_DATASET SECTION_.
——————————
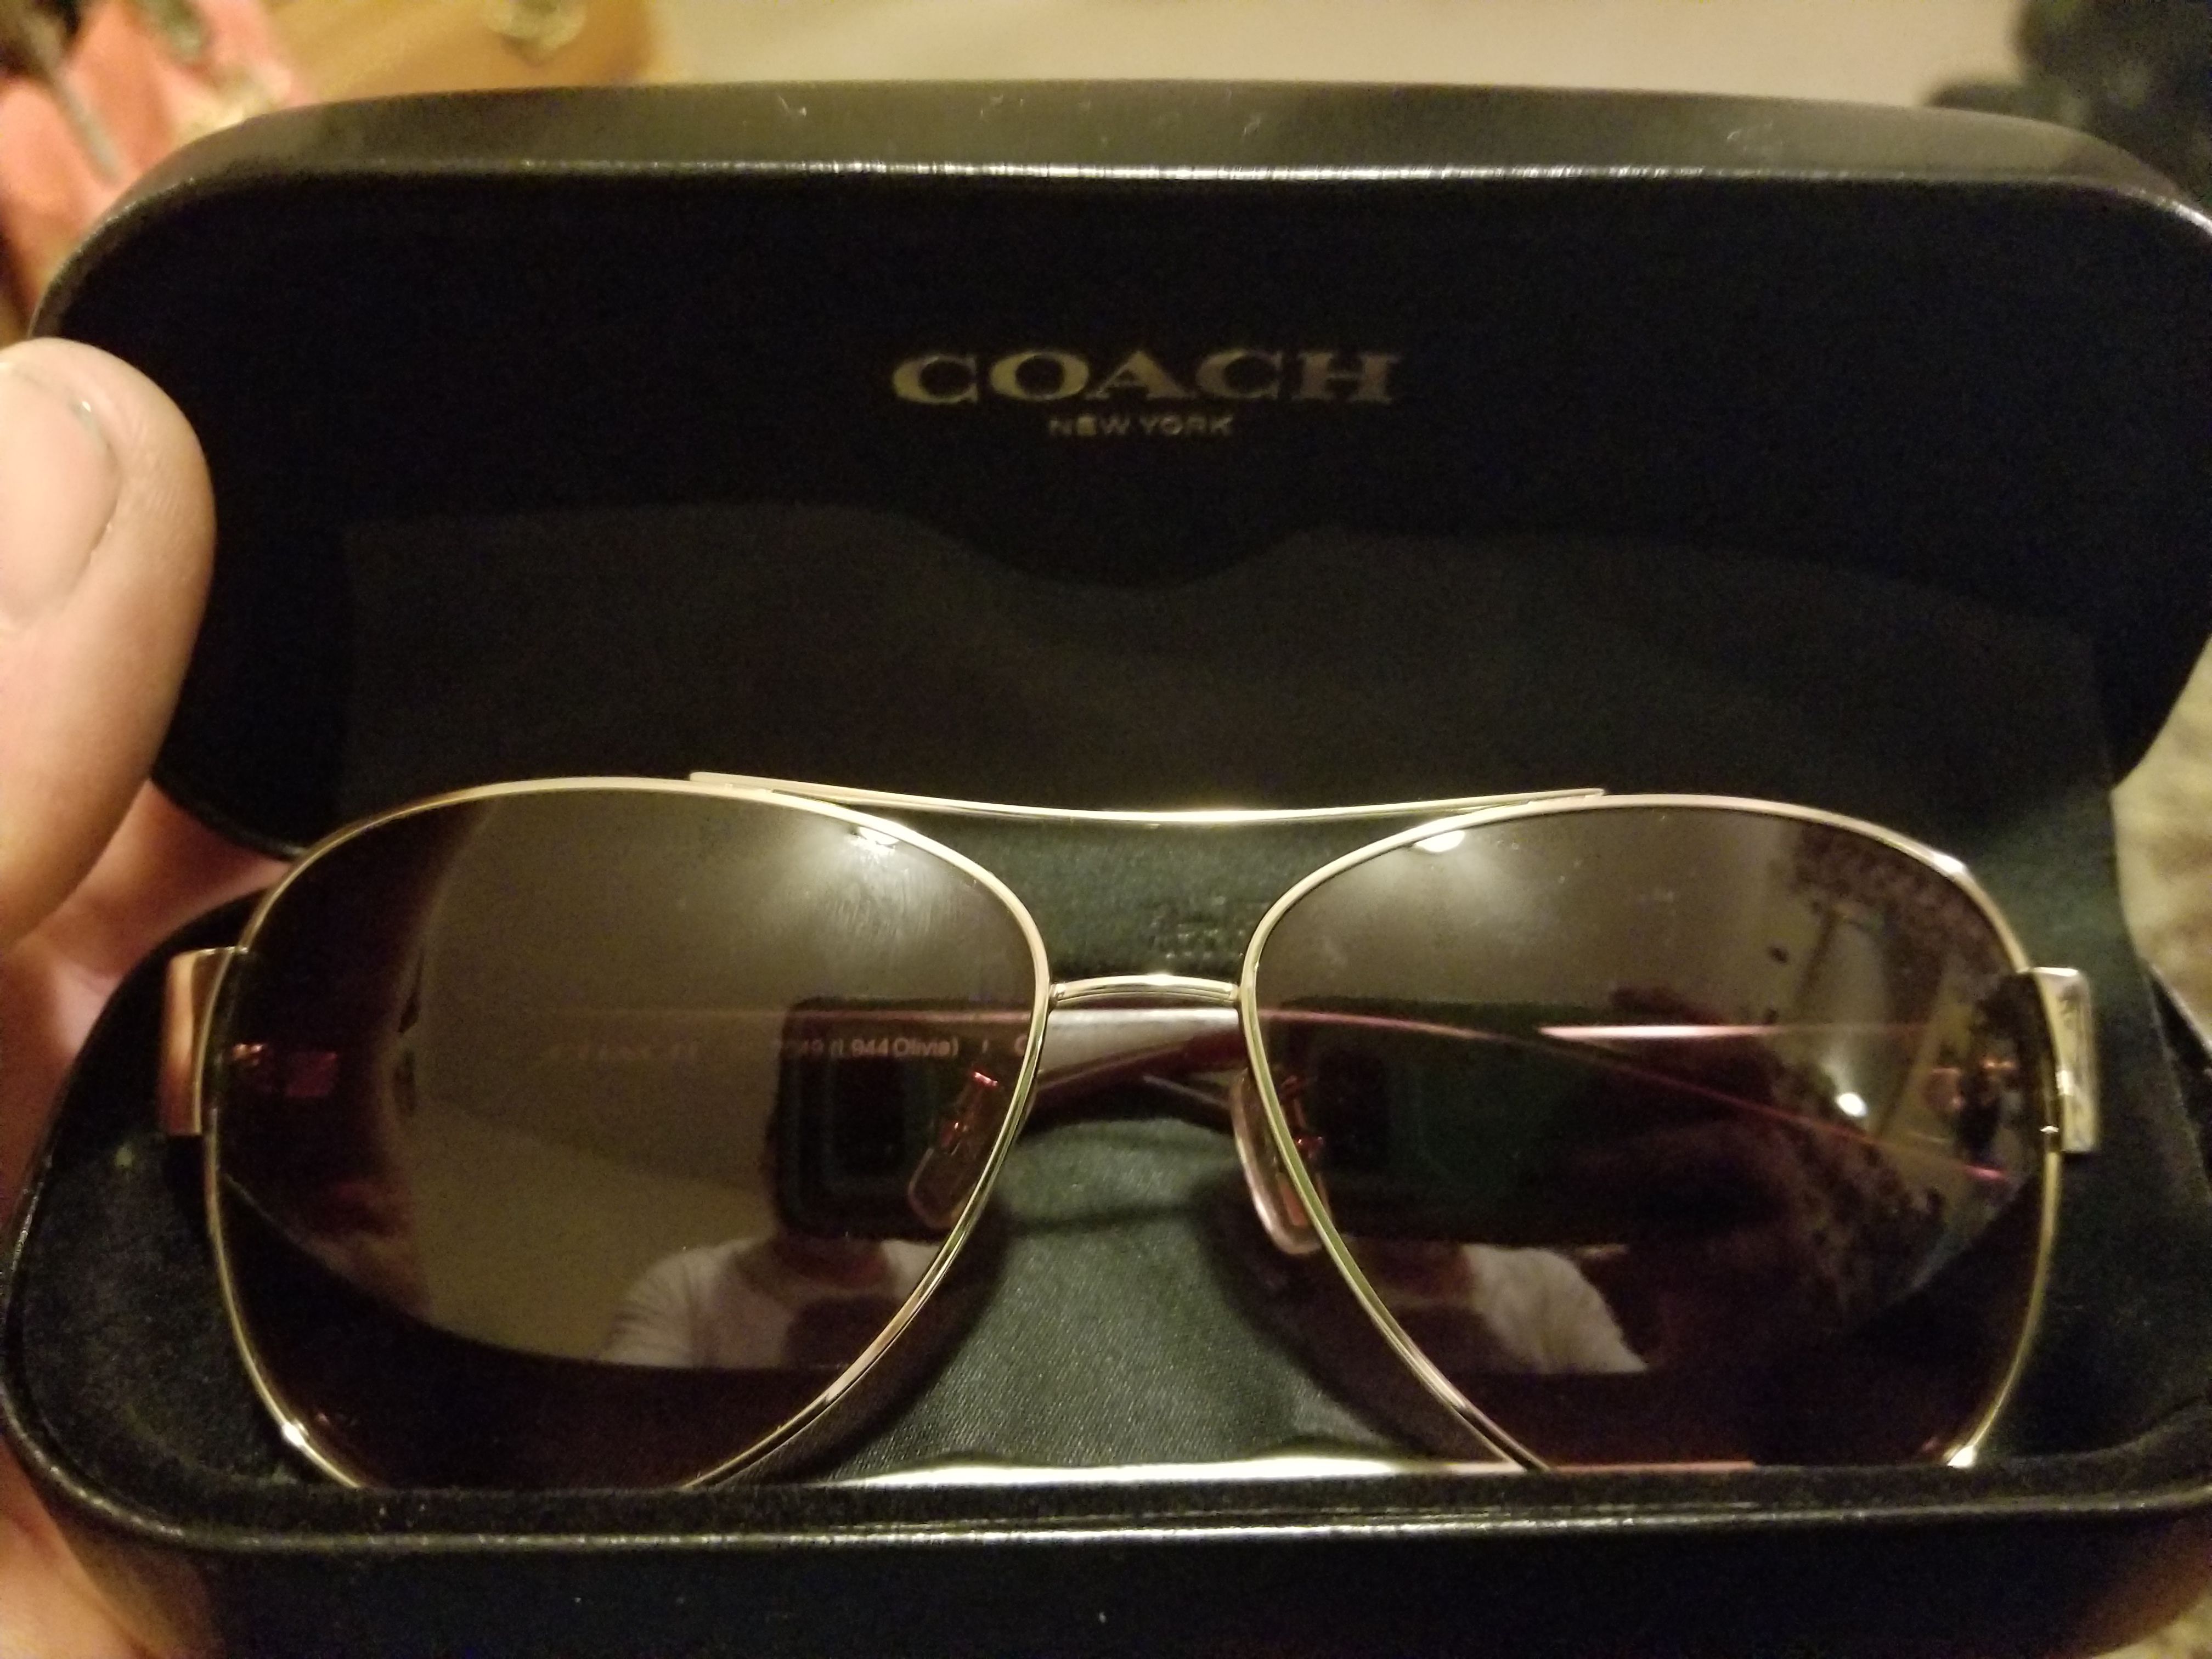 New Coach aviator sunglasses.
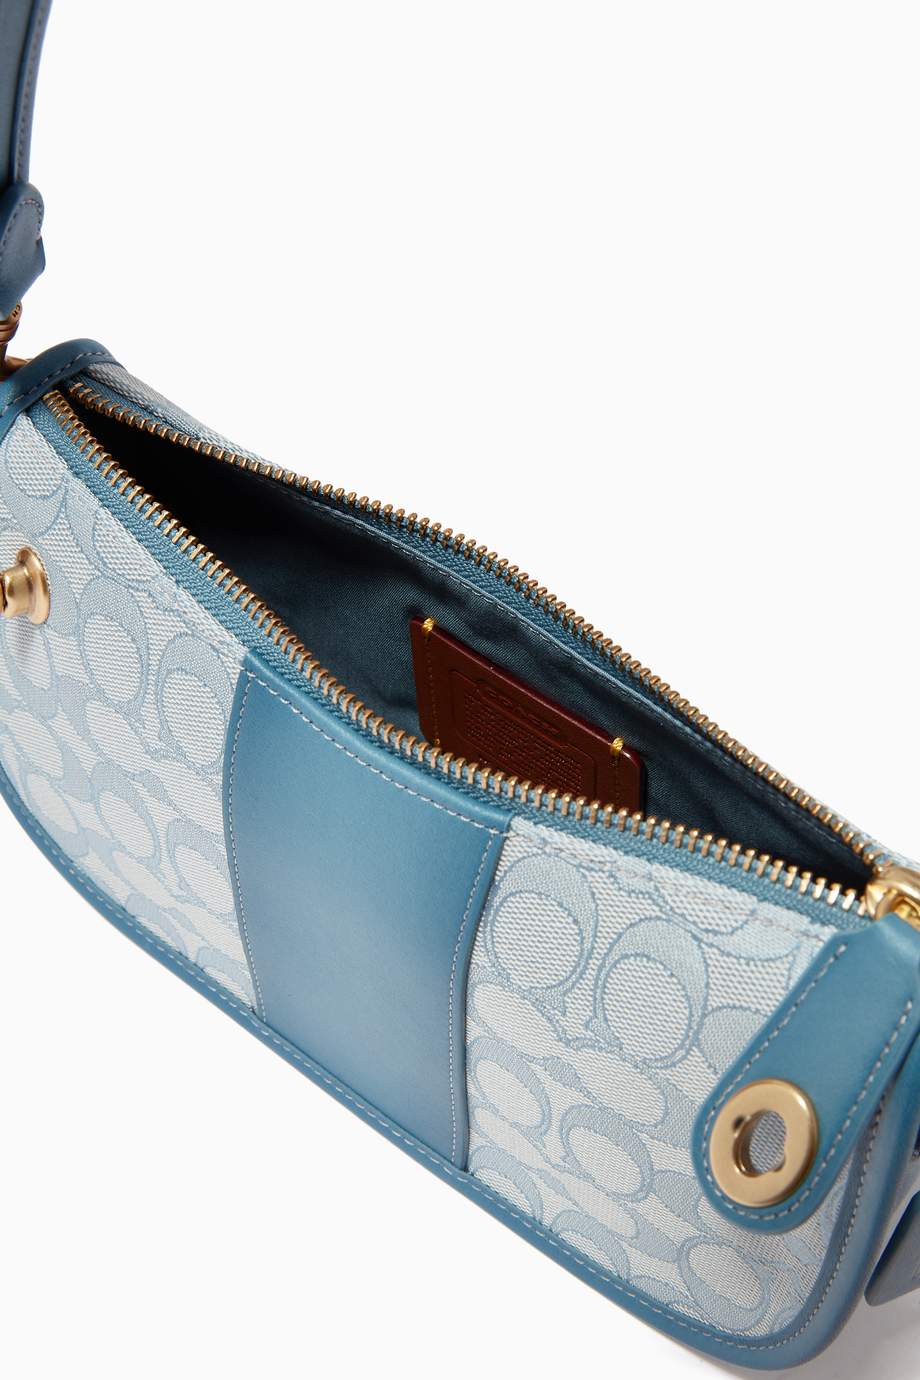 Shop Coach Blue Swinger Bag in Signature Jacquard for Women | Ounass UAE
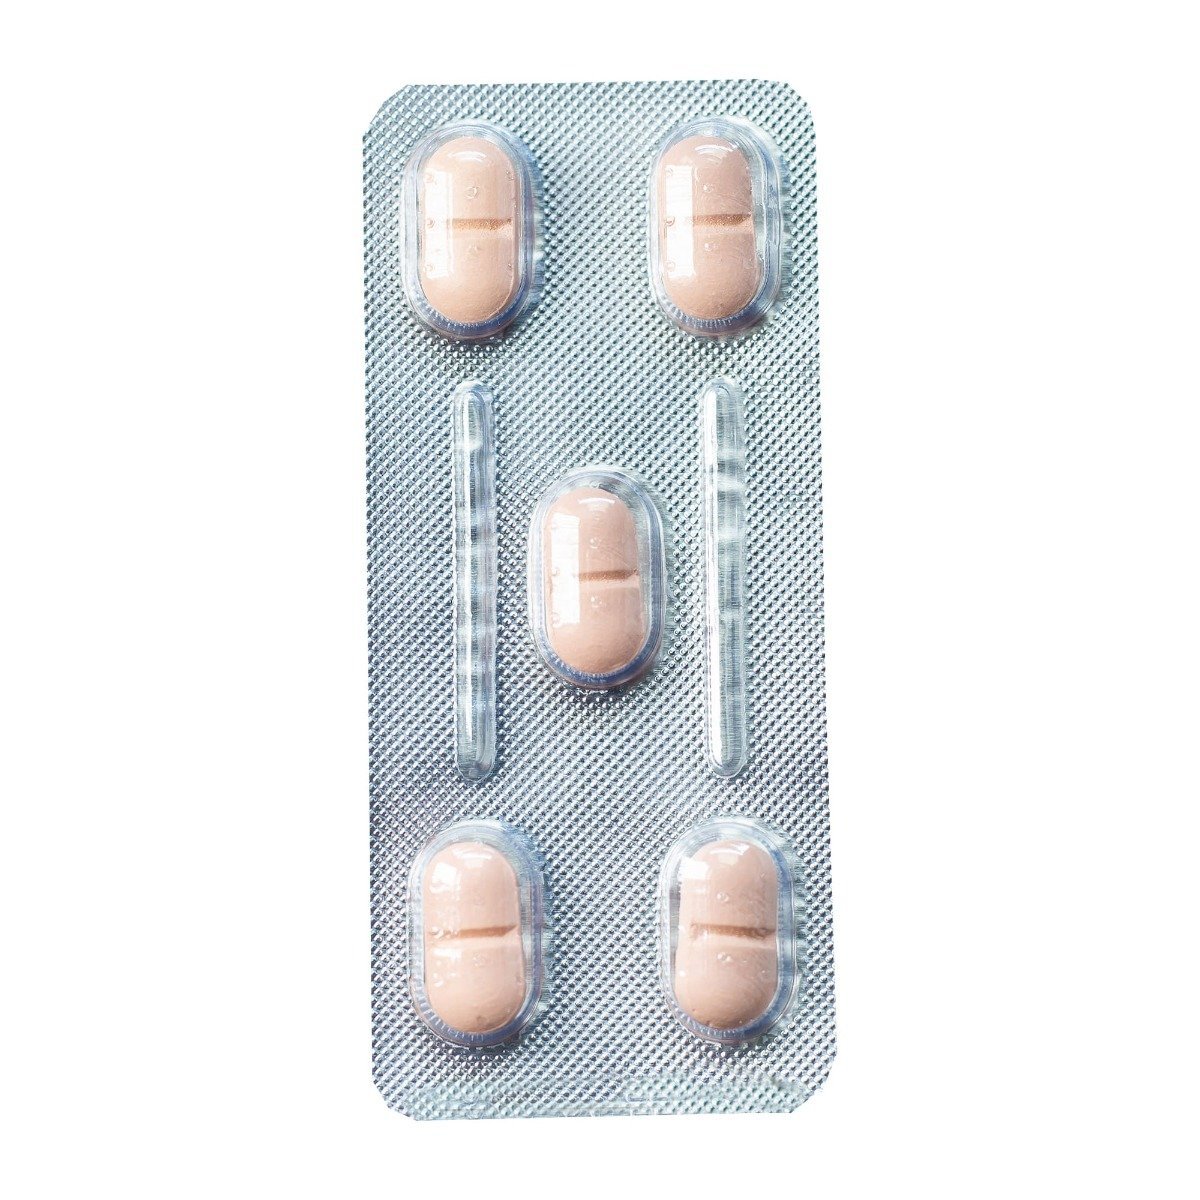 Tavacin 500 mg - 5 Tablets - Bloom Pharmacy
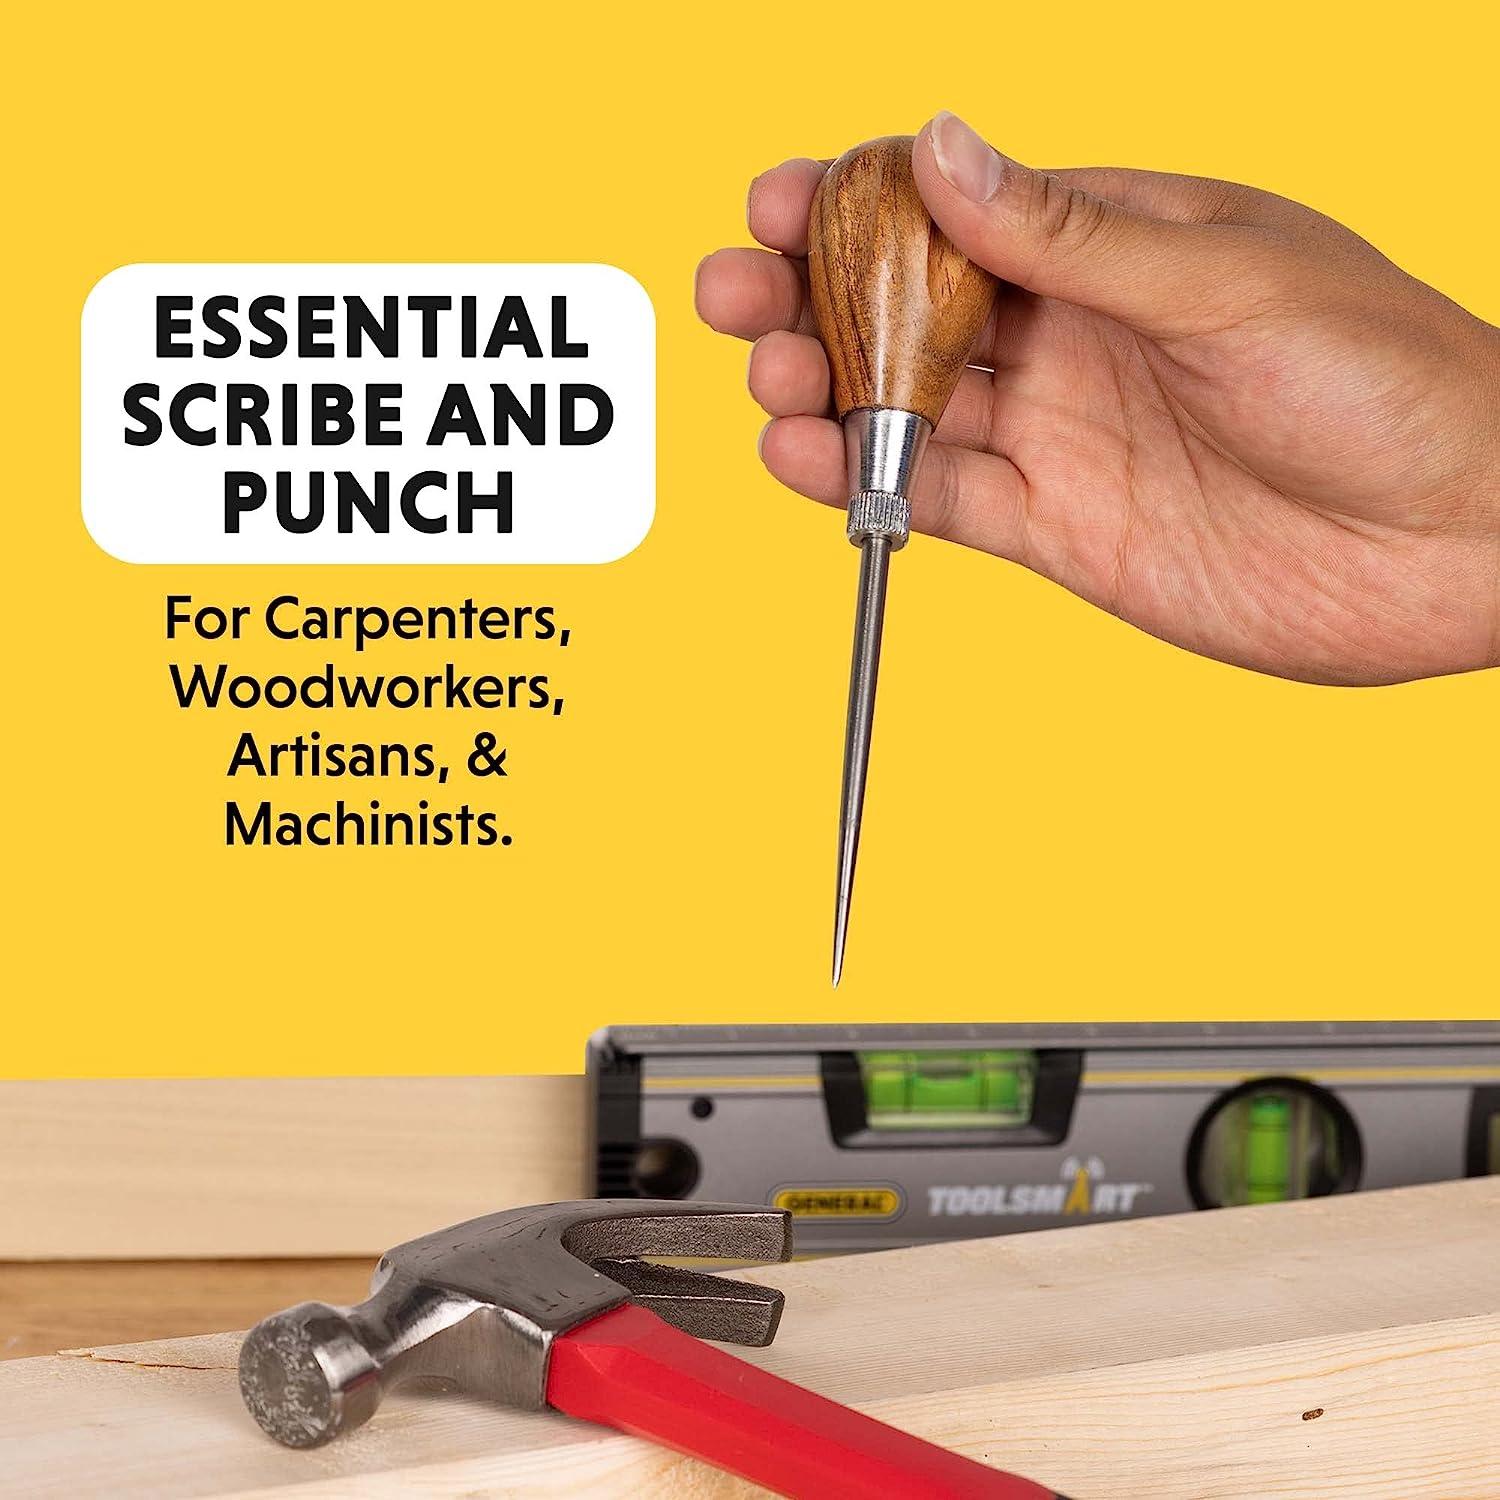 Scratch Art Scratch Tool Set - 1 Penholder and 7 Knife Points
——————————
_TASK PROMPT_. Repeat only the lines from the one with "Shop Coach Blue" through the end of the data, both included and exactly as written. Pictures stay out of the copy.

_TASK ANSWER_.
 Shop Coach Blue Swinger Bag in Signature Jacquard for Women | Ounass UAE
 Tavacin 500 mg - 5 Tablets - Bloom Pharmacy
 Scratch Art Scratch Tool Set - 1 Penholder and 7 Knife Points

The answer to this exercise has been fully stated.